Aim of the exercise
In the entries below, find the line with "İncisoft Galaxy Note" and the line with "Motivtapete mit Berglandschaft". Repeat exactly everything between them, those two lines included, but not the pictures.

[Given information Boundary: Start]

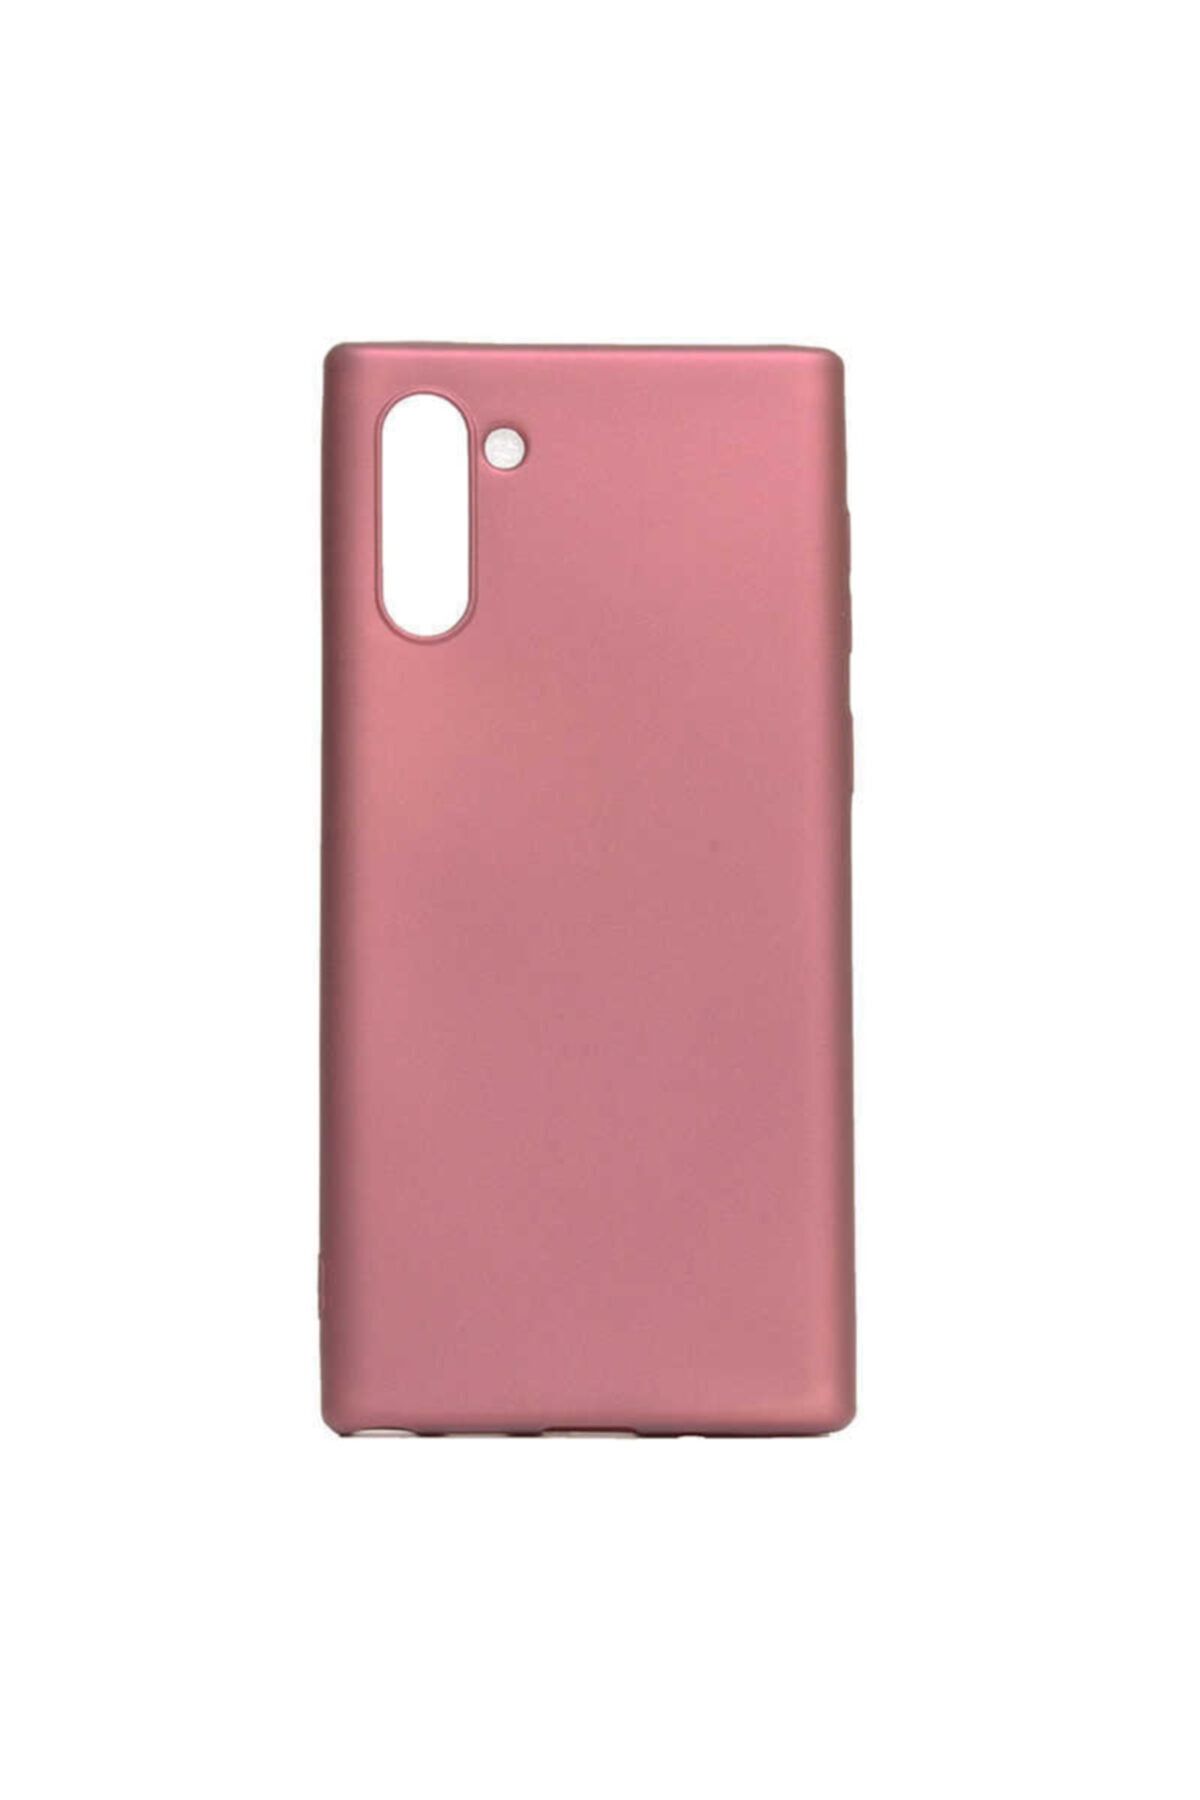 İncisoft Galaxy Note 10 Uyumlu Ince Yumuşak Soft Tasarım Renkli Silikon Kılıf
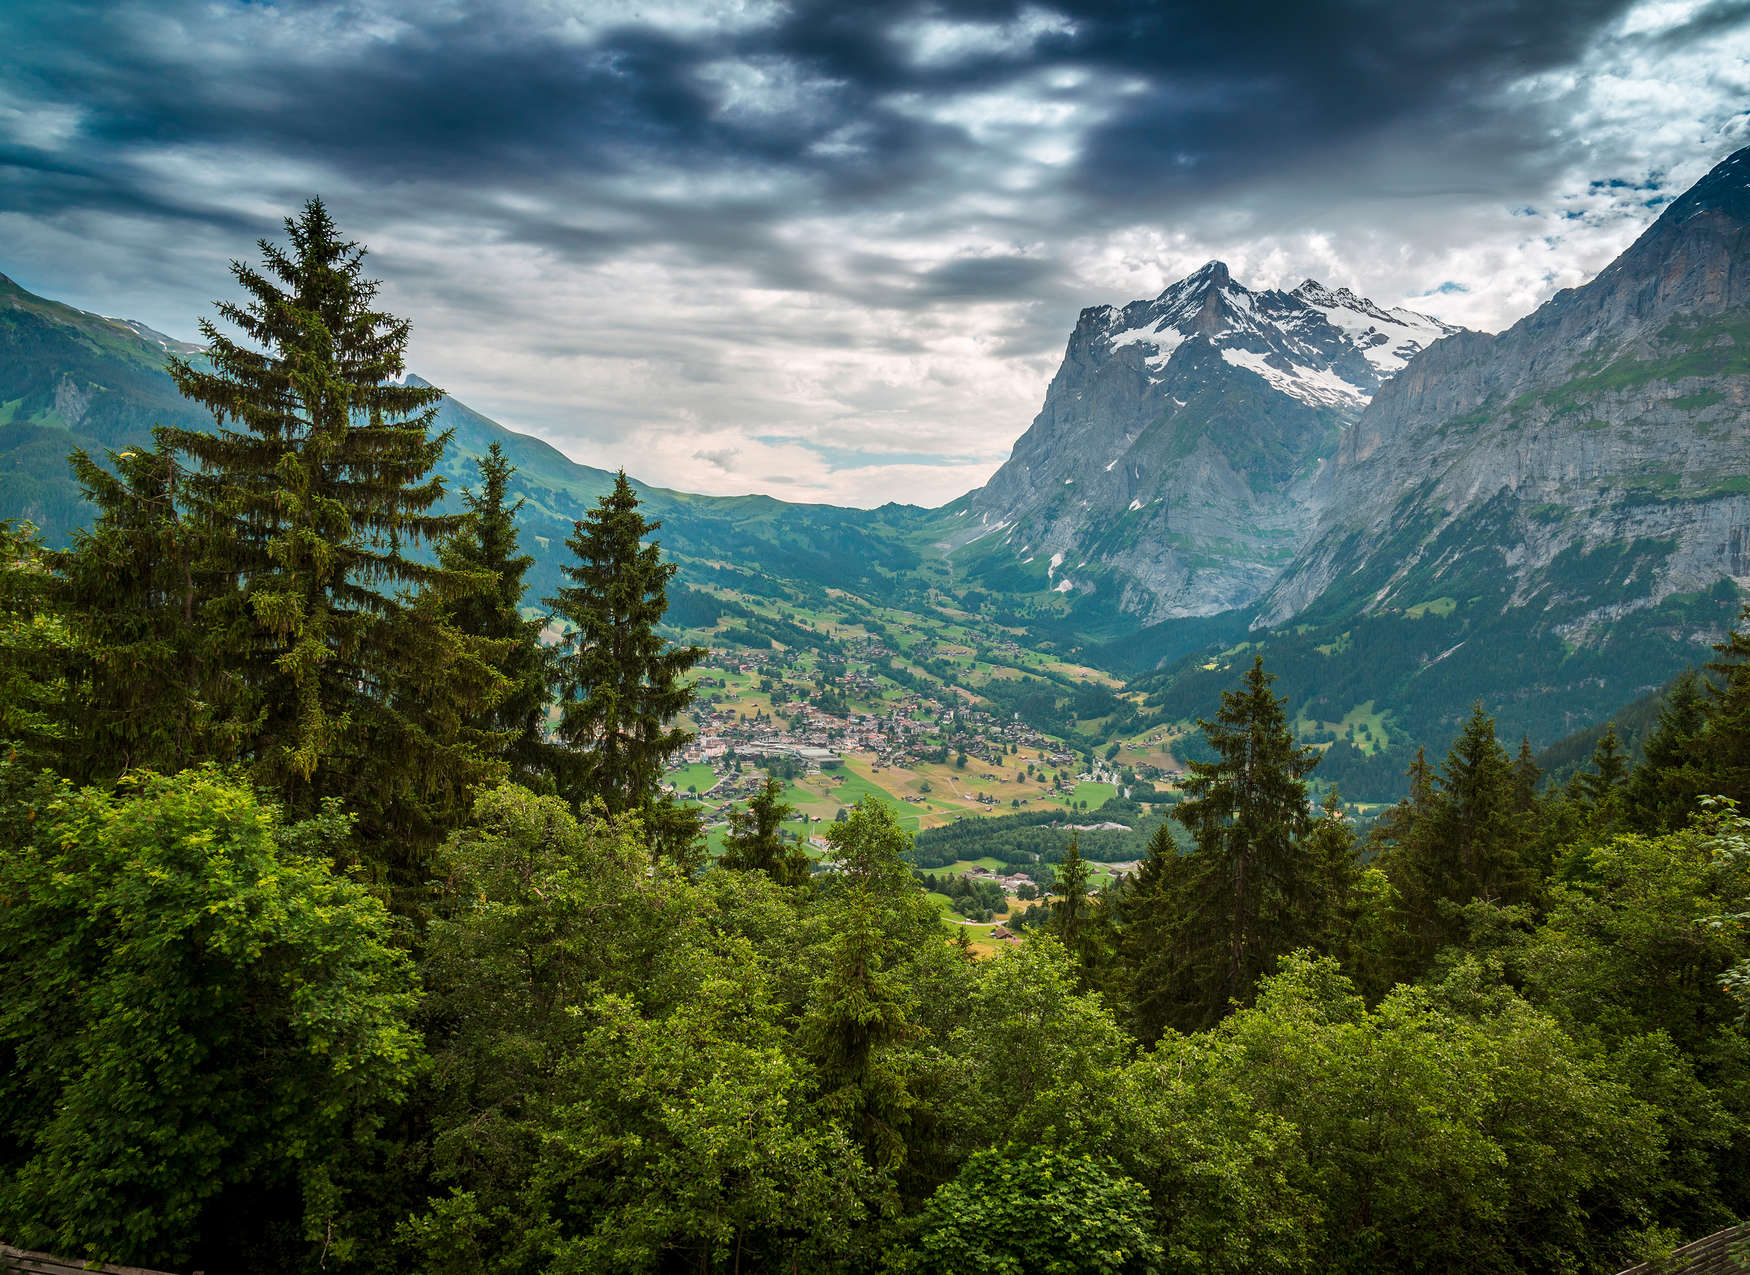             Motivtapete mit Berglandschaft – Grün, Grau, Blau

[Given information Boundary: End]
[Given information Boundary: Start]

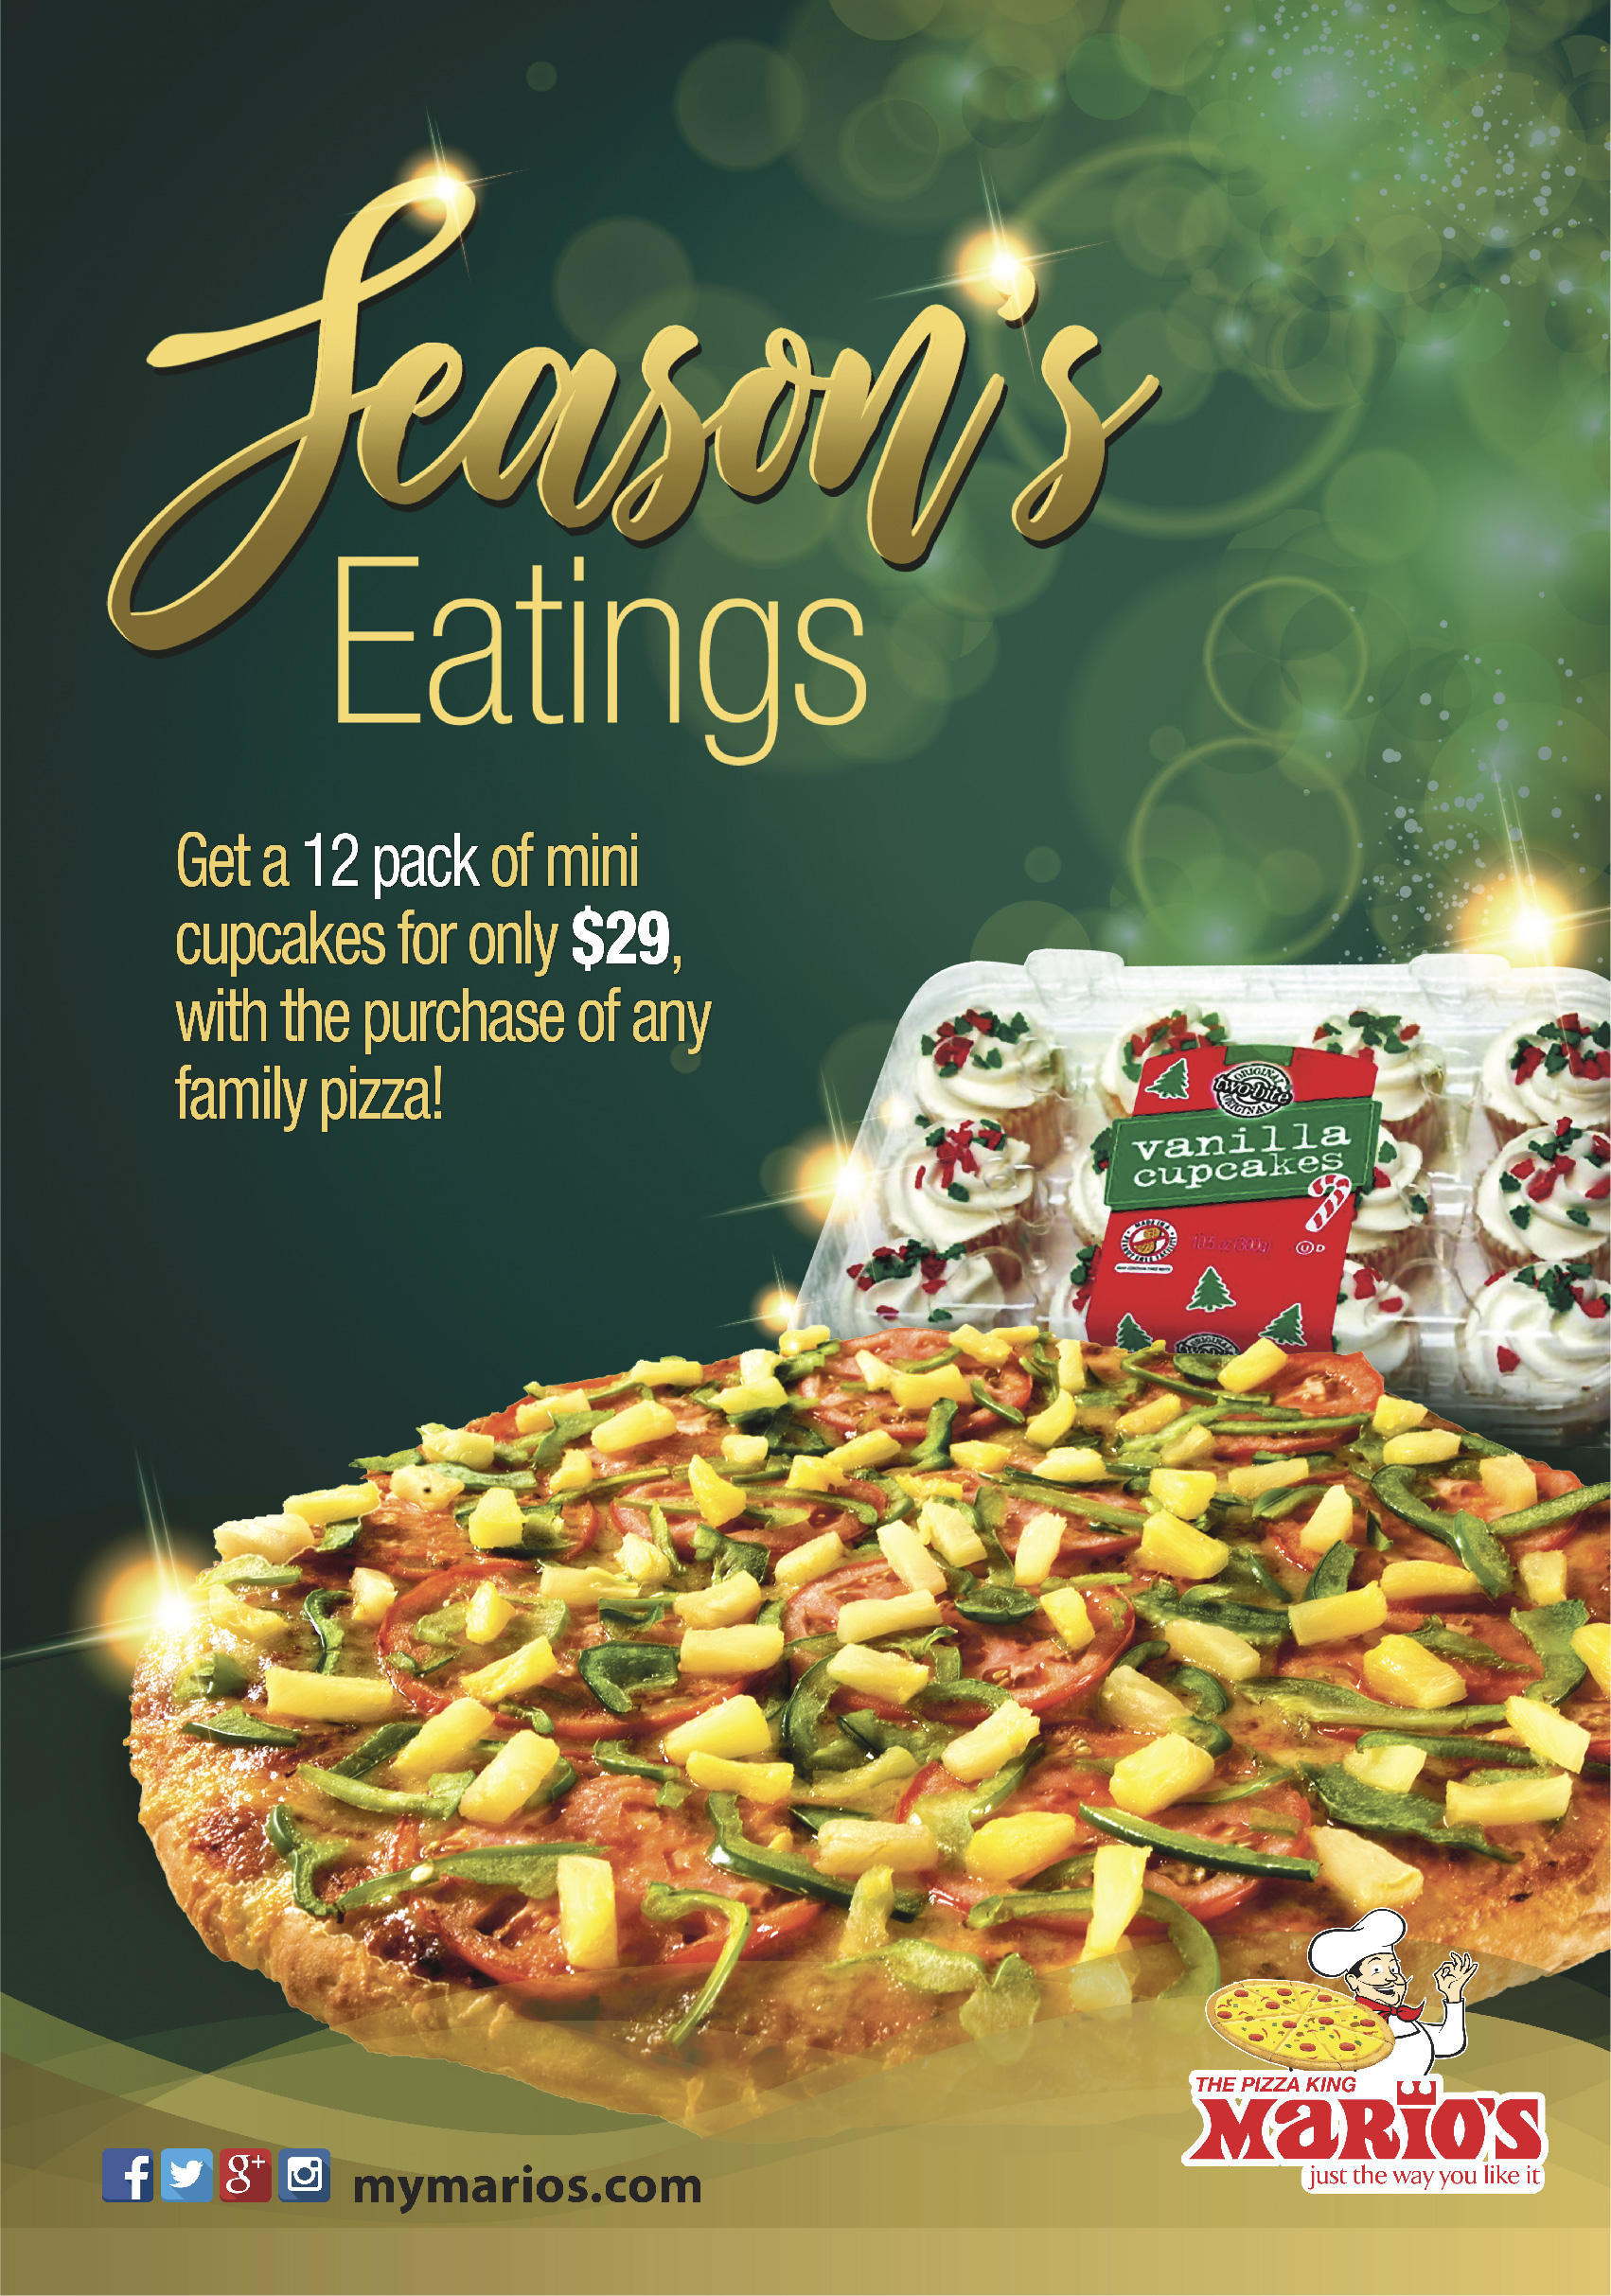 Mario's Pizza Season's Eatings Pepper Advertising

[Given information Boundary: End]

Your response
 İncisoft Galaxy Note 10 Uyumlu Ince Yumuşak Soft Tasarım Renkli Silikon Kılıf
             Motivtapete mit Berglandschaft – Grün, Grau, Blau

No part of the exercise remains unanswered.